Check it out:  UC Davis campus “police” pepper spray a cowering line of about a dozen students and drag them away.  Check out their SWAT-team gear.  I bet they’ve been waiting all year to play dressup and have some fun.

This video only confirms my already very low opinion of college and university campus “police.”  My personal experience on two different campuses is that they are thugs who hassle only people who are sure to pose no threat to them whatsoever, and that they leave the real miscreants alone.  I was working alone in my campus office one late Sunday afternoon at a former university when an amped up campus police officer with a billy club burst into my office without knocking and threatened me.  (He assumed that only a thief would have the light on on a Sunday night.  I assured him it was my own office and that I was working there legally, showing him my keys.)  At another former university, I was pulled over and ordered out of my car for mistakenly driving the wrong way an exit-only parking lot egress.  (There was no danger to anyone else–there were no other cars trolling around that parking lot anyway.)

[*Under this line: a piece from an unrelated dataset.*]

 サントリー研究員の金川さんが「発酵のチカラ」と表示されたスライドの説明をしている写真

But these are far from the worst stories I’ve heard.  A former student of mine–a truly gentle and inquiring spirit of small- to medium build who spent several years after graduation riding his bike through Mexico, Central, and South America–told me a truly horrifying story about being stopped and arrested for drunk walking across the Baa Ram U. campus.  He had gone to the bars with some friends, and being responsible young men, they walked downtown.  On their way back to campus, his friends went one direction and as he continued walking quietly by himself he was stopped by campus police who accused him (rightly) of being drunk.  He explained that he was 21 and just walking home, as he understood he should do when inebriated, and showed them his I.D.  These campus “police” officers illegally detained him and transported him to an off-campus drunk tank. 

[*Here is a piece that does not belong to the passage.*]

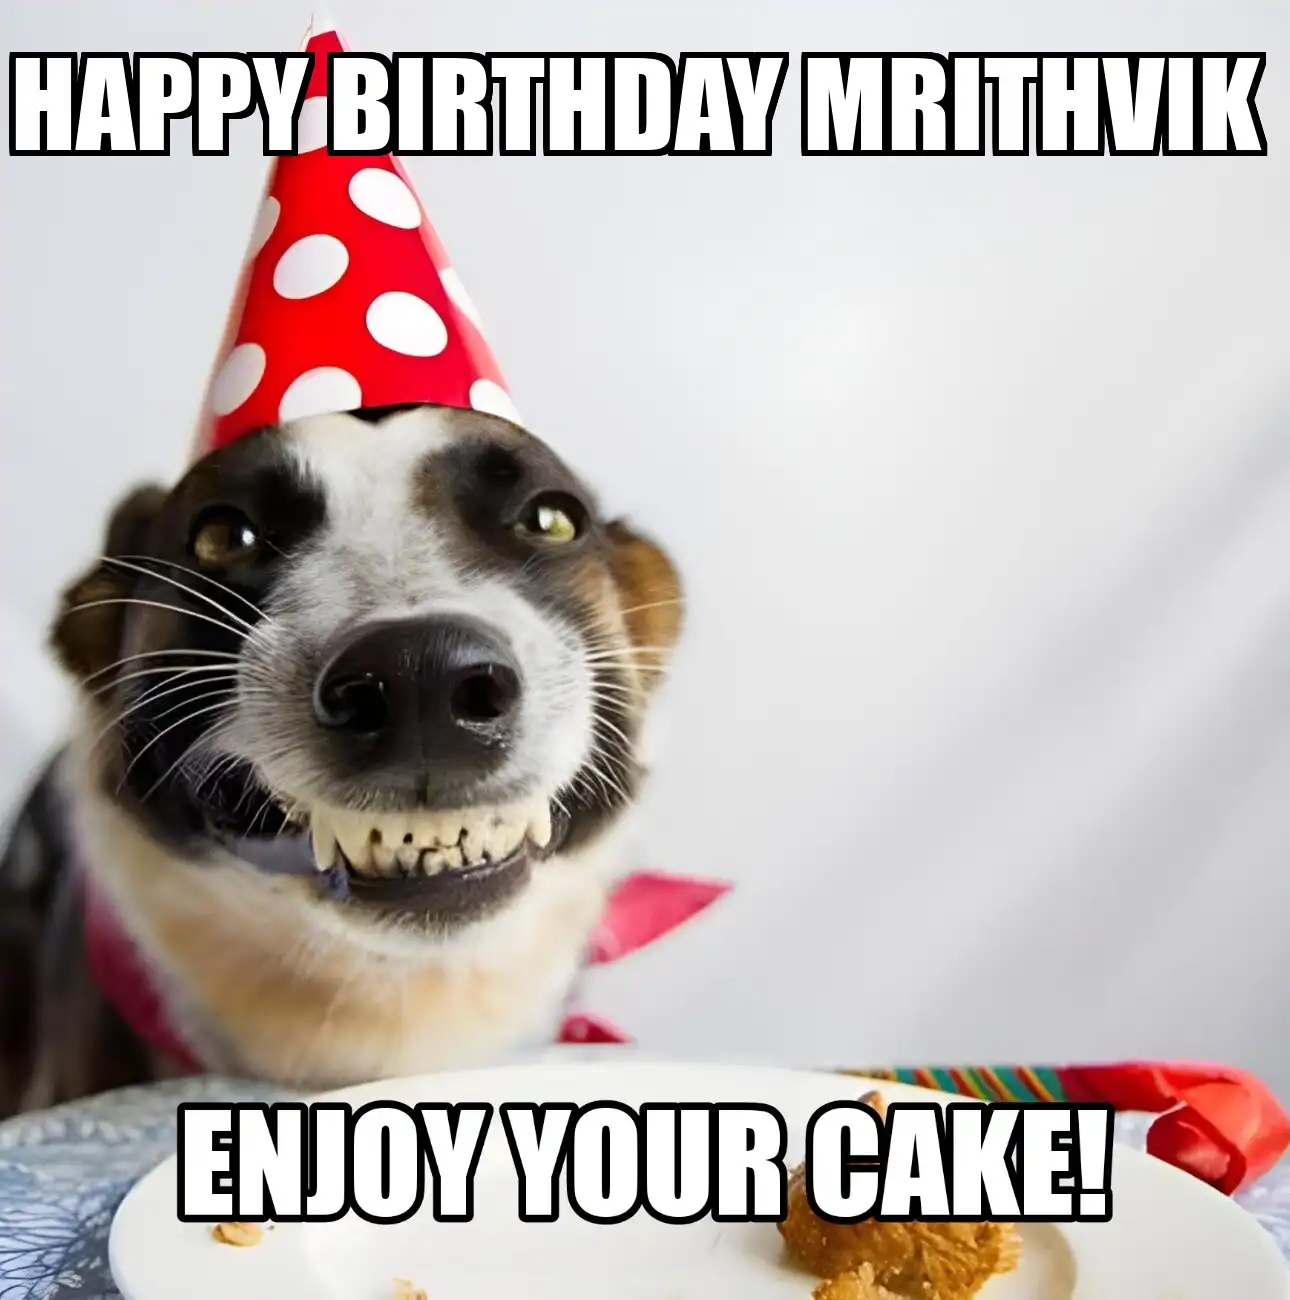 Happy Birthday Mrithvik Enjoy Your Cake Dog Meme

Meanwhile, of course, I’m assuming that there were rowdy parties and all kinds of underage drinking going on, large parties where people were probably being sexually assaulted, but busting up those parties would be difficult and potentially dangerous.  It was much easier to harass and detain the solo drunk guy who wasn’t doing anything illegal or any threat to anyone.  I encouraged him to lawyer up and sue, but being a gentle soul I don’t think he did anything.

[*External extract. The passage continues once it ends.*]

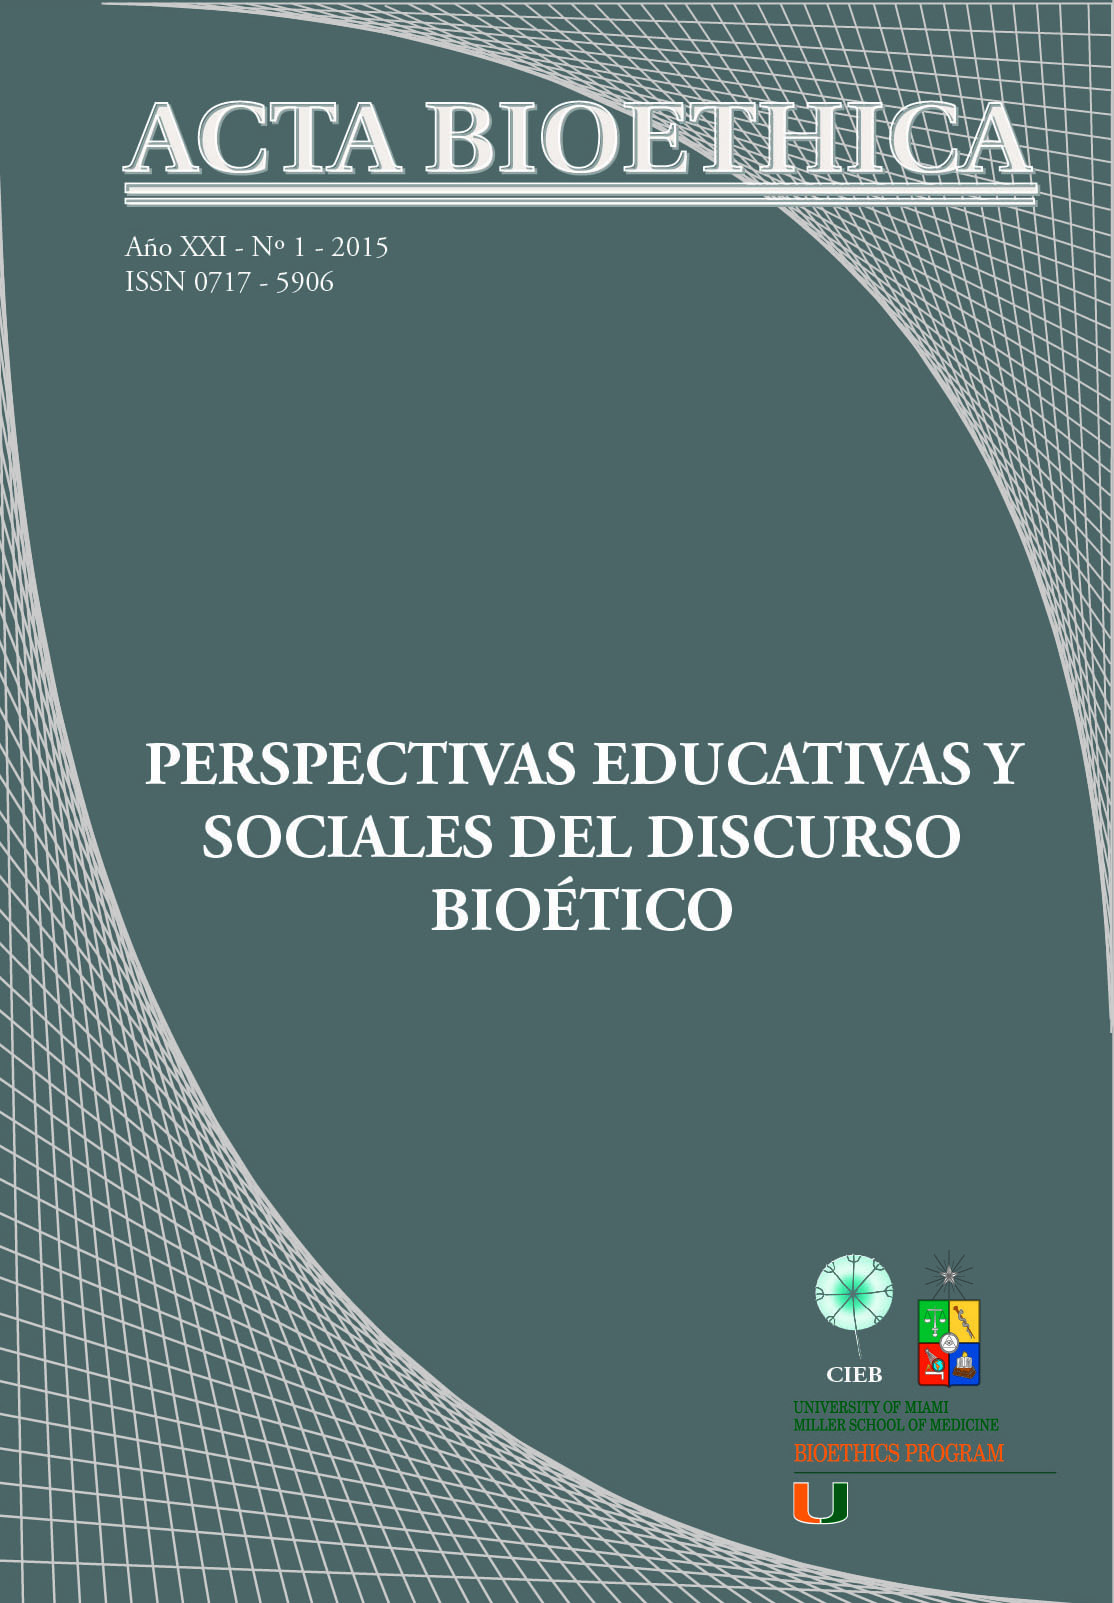 												Ver Vol. 21 Núm. 1 (2015): Perspectivas Educativas y Sociales del Discurso Bioético

I saw a former colleague last night who left Baa Ram U. for the University of Chicago.  He informs me reliably that the UC campus police now patrol much of Hyde Park, not just the campus within its own boundaries.  This is what the modern police state looks like:  private police forces, accountable to no one, not looking for trouble but rather just looking for low-risk opportunities to remind the non-criminal majority who’s really in charge.

60 thoughts on “Campus “police:” opportunistic thugs

  1. Great points, That’s Grantastic.

    I’ve been thinking a lot about the issue of campus space versus non-campus space, and the ways in which those of us on campuses as well as off-campus see campus space as different from non-campus public space. On the one hand, I take your point that “It’s not okay to beat or spray students or bust them for small drugs or drunk walking. But I’m not sure why the rest of us are supposed to put up with that, either.” On the other, it’s clear that campus space *is* different, in part because it’s dedicated non-commercial space.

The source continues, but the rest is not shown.